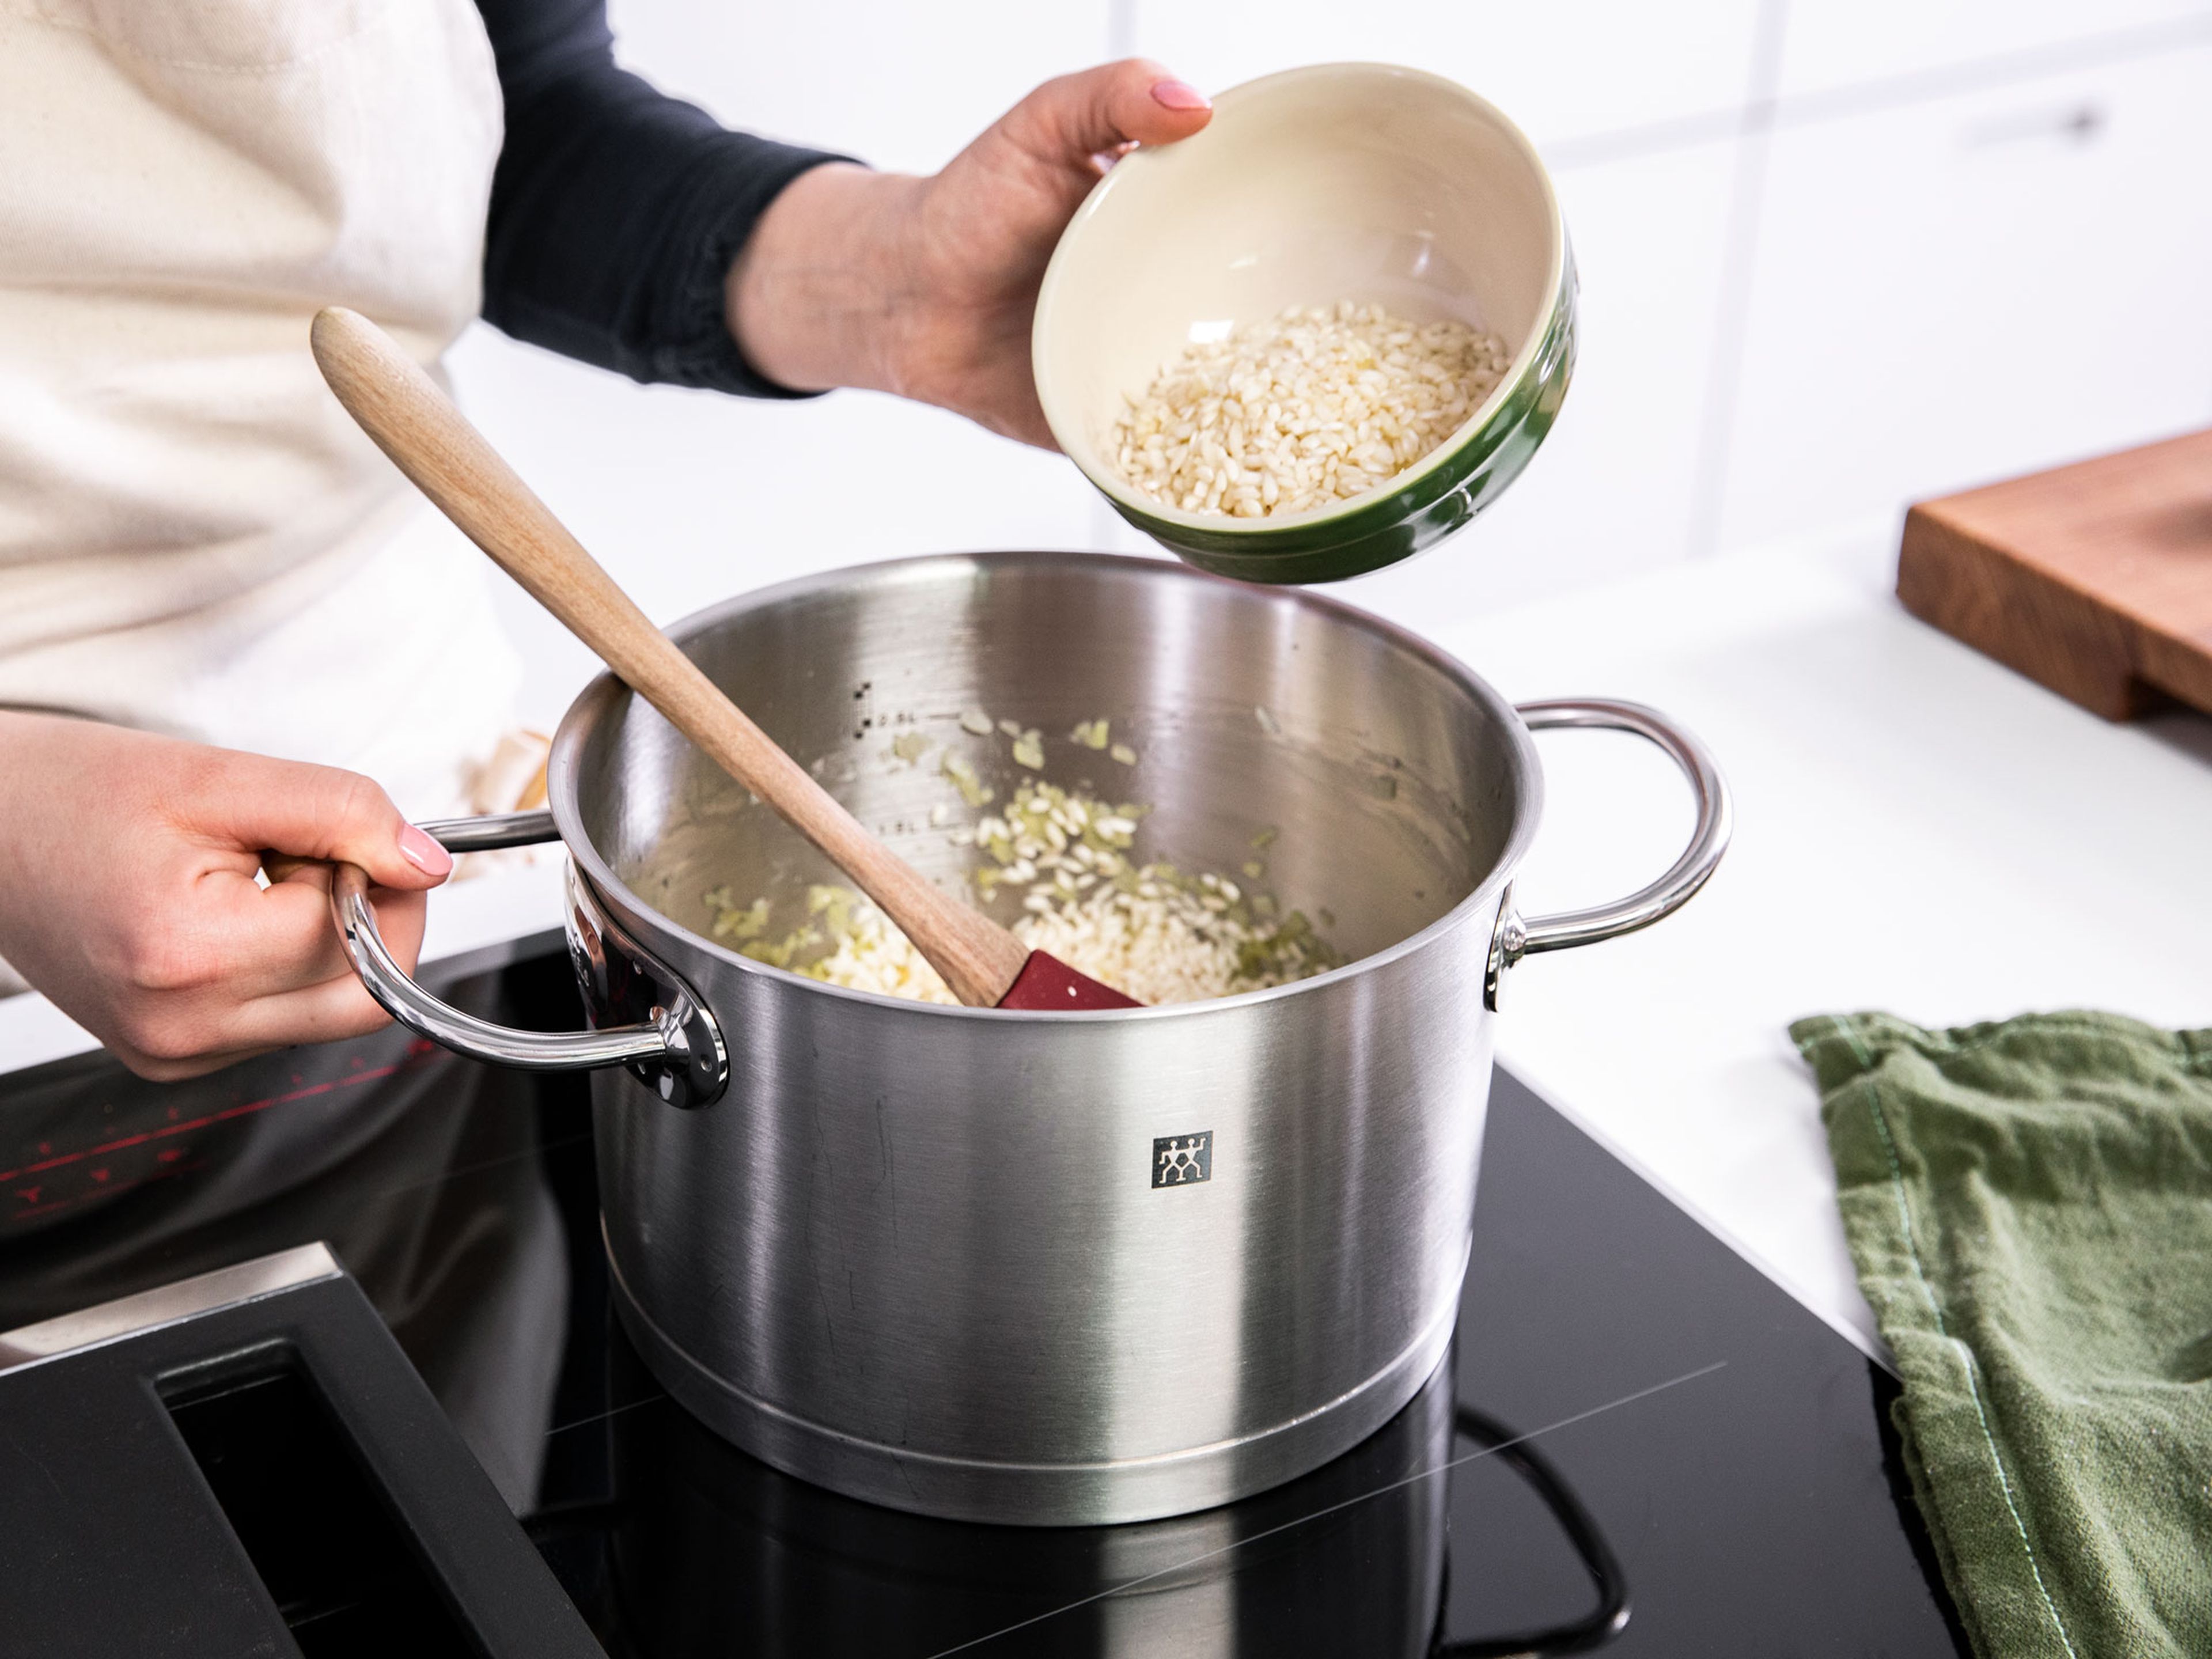 Zwiebeln und restlichen Knoblauch schälen und in feine Würfel schneiden. Restliches Olivenöl in einem großen Topf über mittlerer Hitze erwärmen und die Zwiebelwürfel darin ca. 1 Min. anschwitzen. Knoblauch dazugeben und ca. 2 Min. weiterbraten. Risottoreis dazugeben und ca. 1 Min. anschwitzen. Dabei gut umrühren, damit der Reis vom Olivenöl ummantelt wird.
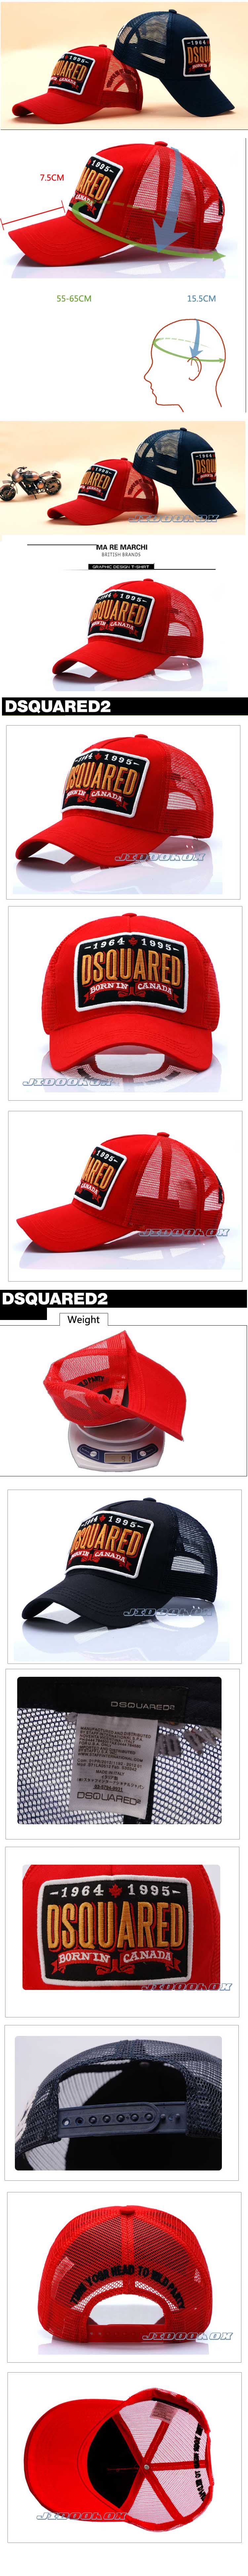 jual topi pria merk dsquared2 , temukan koleksi topi pria online merk dsquared2 hanya di sini
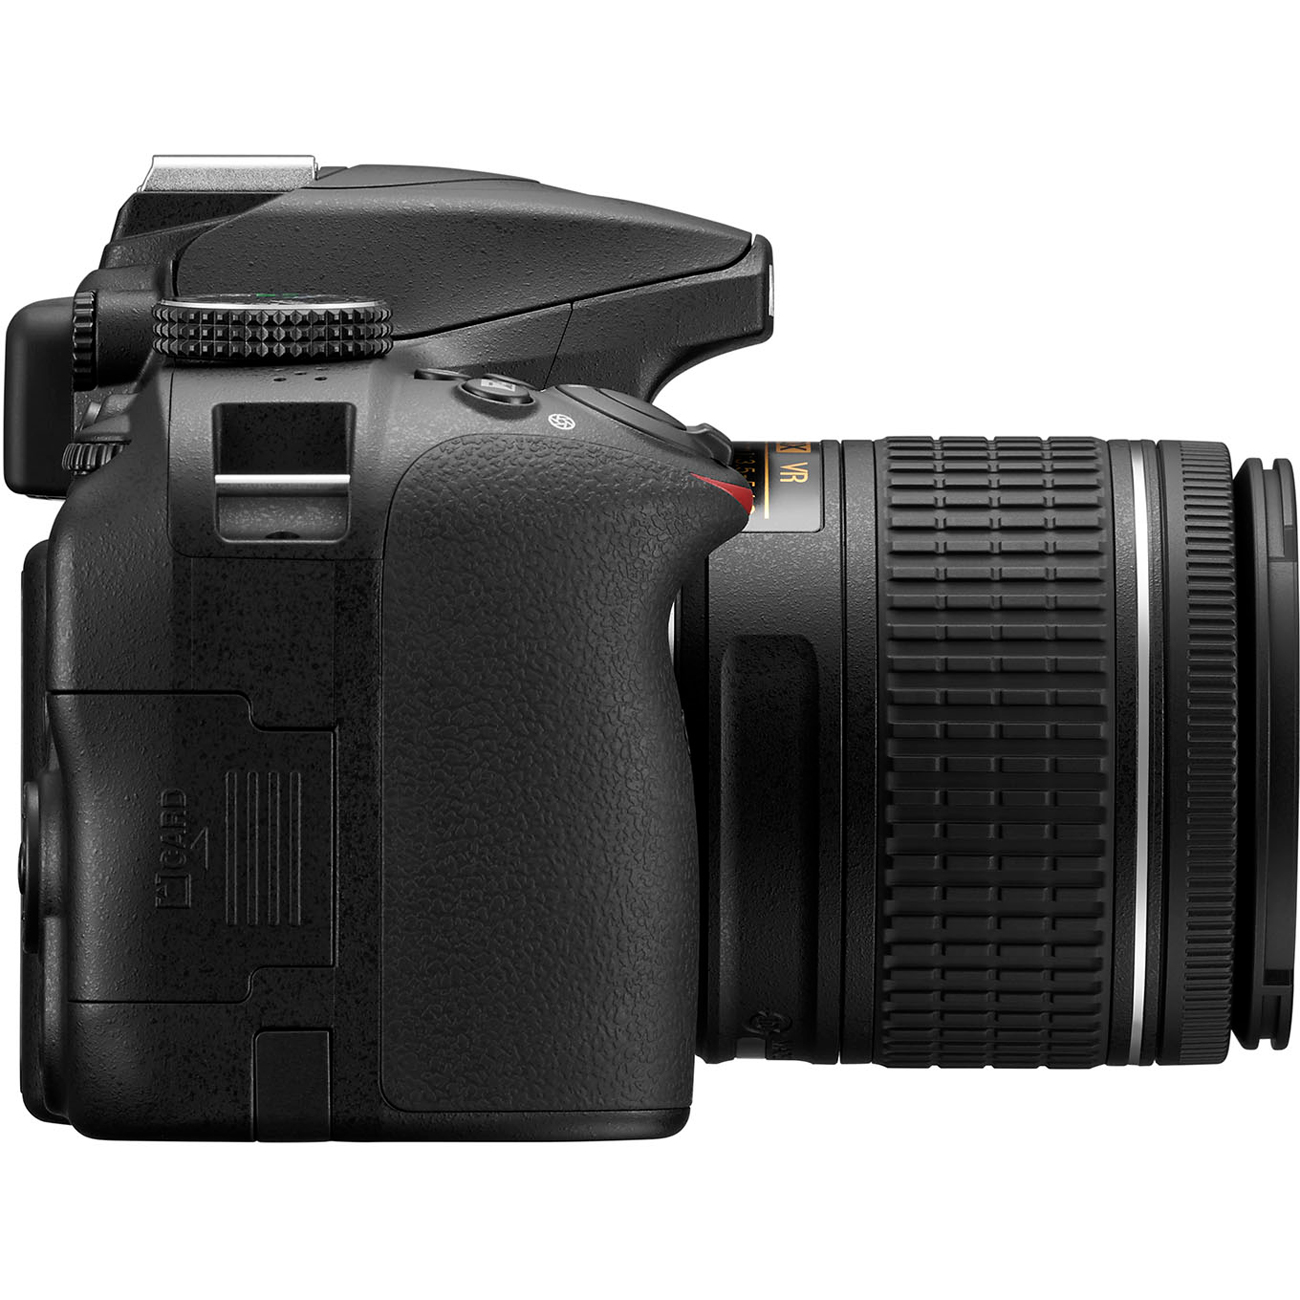 Nikon D3400/D3500 DSLR Camera with 18:55mm Lens (Black) & Sigma 70:300mm SLD DG Lens Package, Black Bundle 64GB SDXC Memory Card Supreme Bundle - image 6 of 10

**Your goal**
Copy out all the data above exactly as written. Skip the pictures.

**Answer for the task**
 Zwiebeln und restlichen Knoblauch schälen und in feine Würfel schneiden. Restliches Olivenöl in einem großen Topf über mittlerer Hitze erwärmen und die Zwiebelwürfel darin ca. 1 Min. anschwitzen. Knoblauch dazugeben und ca. 2 Min. weiterbraten. Risottoreis dazugeben und ca. 1 Min. anschwitzen. Dabei gut umrühren, damit der Reis vom Olivenöl ummantelt wird.
 jual topi pria merk dsquared2 , temukan koleksi topi pria online merk dsquared2 hanya di sini
 Nikon D3400/D3500 DSLR Camera with 18:55mm Lens (Black) & Sigma 70:300mm SLD DG Lens Package, Black Bundle 64GB SDXC Memory Card Supreme Bundle - image 6 of 10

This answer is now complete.